Question-and-Answer Session

Operator

[Operator Instructions] Our first question comes from Hamed Khorsand from BWS Financial.

Hamed Khorsand - BWS Financial Inc.

Just a couple of questions I want to talk on. First off, the minutes on the voice side, they've been declining on a sequential basis even before the customer contract was revised. So is that -- is it -- are you facing competition or -- what's happening there?

David Zwick

Yes, the overall voice minutes over the past 4 quarters prior to this quarter had been fairly stable in the 33 billion to 34 billion minutes of use area per quarter. And then in the current quarter, they ticked down to just under 32 billion minutes. Most of the impact related to the one large customer renegotiation was held in the termination category, where we lost about 1 billion minutes from Q3 to Q4. And that's sort of the one unusual effect that happened during the quarter. Other than that, the origination business continues to grow nicely from a minutes of use perspective. And the local transit business, the minutes continued to attrite off of that service as they have over the recent quarters.

Hamed Khorsand - BWS Financial Inc.

I guess, what I'm trying to get to is -- I understand you're managing your costs, but it also seems as though the costs haven't really come down that much, even though it seems as though we're now in a declining revenue kind of a business environment.

G. Edward Evans

Well I think we've got certain segments in the business that are declining. And remember, local transit service was 85% of this business not too long ago, and has been falling off fairly significantly. We do have other voice services that are coming in and starting to make up for that. They do have a different cost structure around them and a different way of accounting for those minutes coming in as well. So the cost-cutting measures that have gone into place really started in the fourth quarter. And while there was some impact in the fourth quarter, we suspect that you'll see the bulk of those going forward as opposed to baked into the fourth quarter numbers. So I think the message is, we believe the voice business is still a very viable business and we still think there's some growth opportunity in that business, and we're going to continue to aggressively manage the cost. And we believe there is some opportunity to cut additional costs out of the business.

Hamed Khorsand - BWS Financial Inc.

And then my -- other topic I want to talk on was the guidance. You provided a $240 million to $250 million range on revenue. I mean, if I just look at it from an annualized run rate basis, you should be doing somewhere around $275 million or so based on Q4. So how much customers are you trying to hack off the data business, and what kind of revenue loss are you expecting on the voice business?

G. Edward Evans

Well, it's really not the data business that is impacting it. It's the fact that the -- all of the changes around the large customer implementation were not felt in the fourth quarter. It took time throughout the fourth quarter for that to happen. By the end of the fourth quarter, we felt like we have a pretty good run rate at a go-forward look. And so, that's really what's driving it is that it took time for those minutes to come off of the network in the fourth quarter. And by the end of the fourth quarter, we had the real run rates to look at.

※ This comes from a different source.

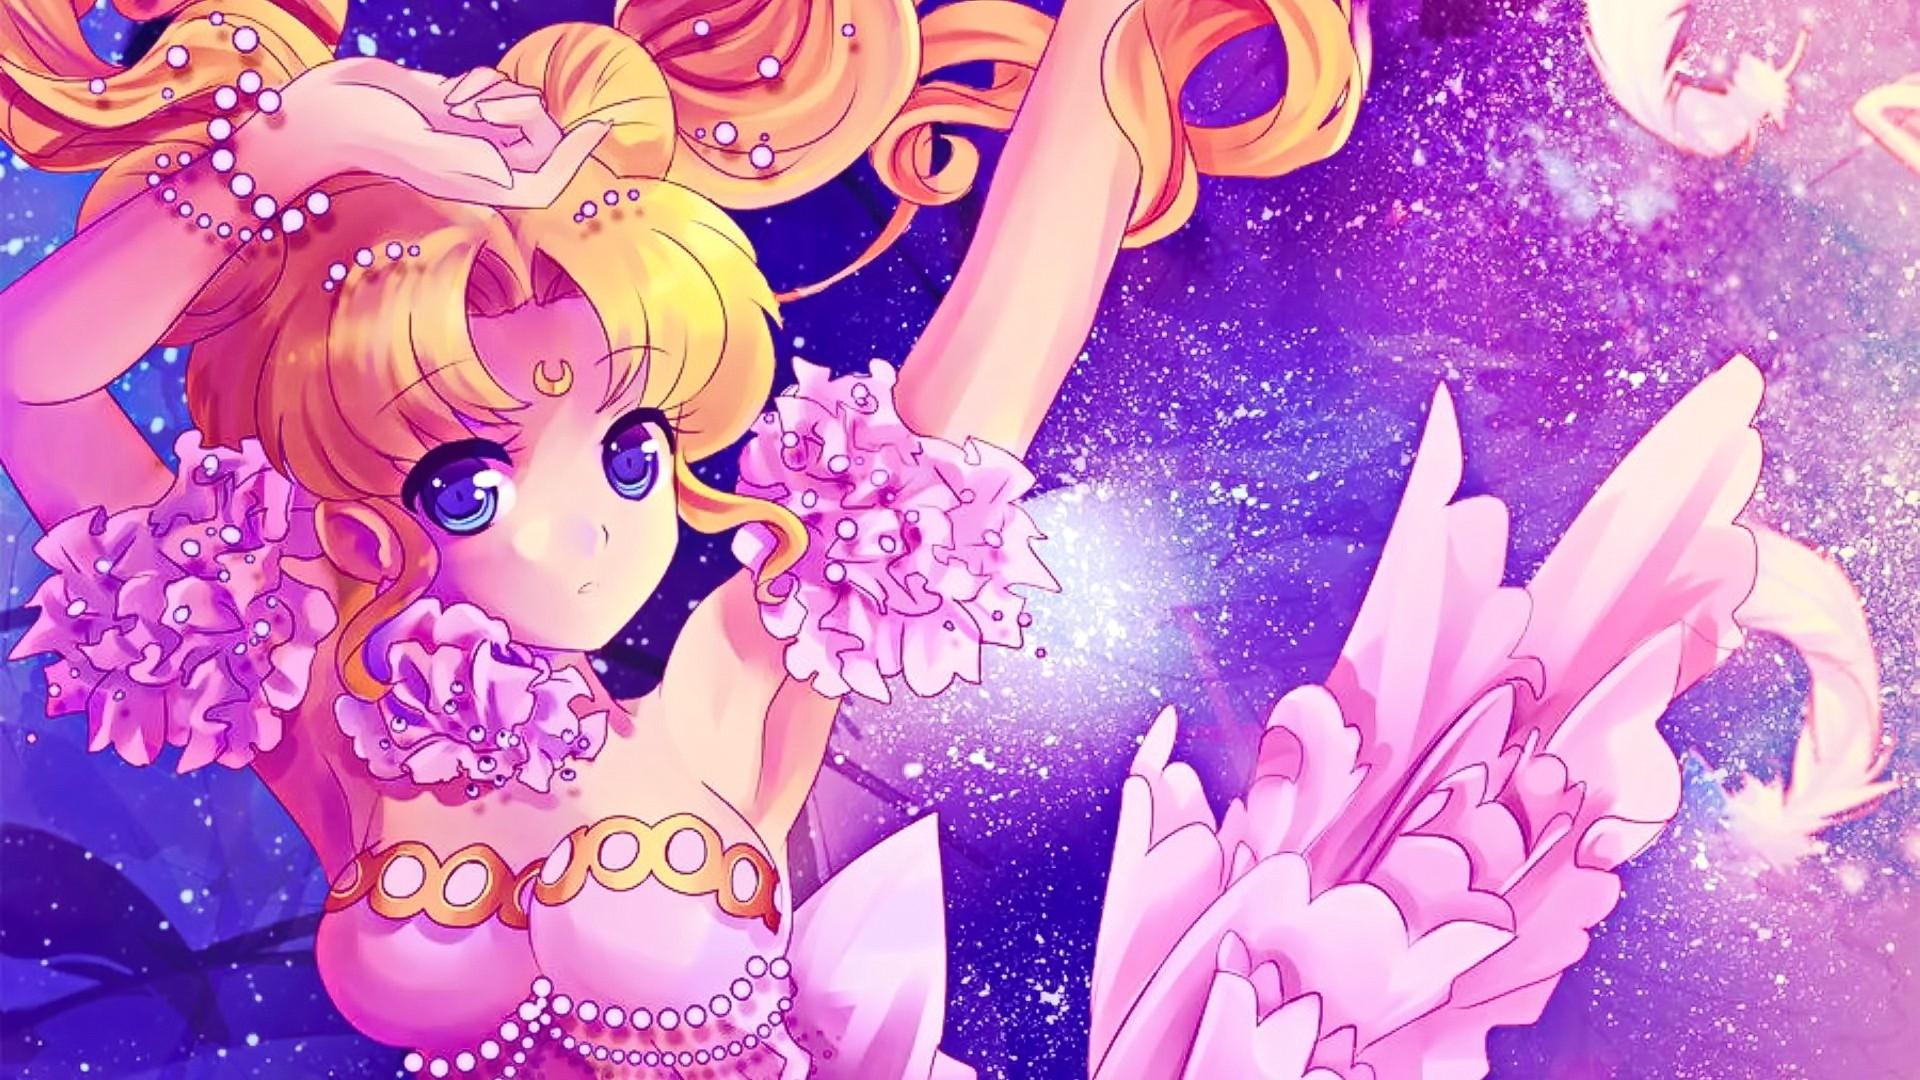 Sailor Moon Wallpaper theme

Hamed Khorsand - BWS Financial Inc.

You're talking about upwards of $25 million in lost revenue for this 1 customer?

G. Edward Evans

That's correct.

Hamed Khorsand - BWS Financial Inc.

It didn't sound like that was how much you guys were talking about the loss when you first announced this, though.

G. Edward Evans

I don't know that we gave any guidance around that.

Operator

[Operator Instructions] It appears to be no further questions. Are there any further points you wish to raise?

G. Edward Evans

Not at all. Thank you very much for joining us. And we look forward to talking to you next quarter. Thank you.

Operator

This concludes the Inteliquent Fourth Quarter and Full Year 2012 Earnings Conference Call. Thank you for participating. You may now disconnect.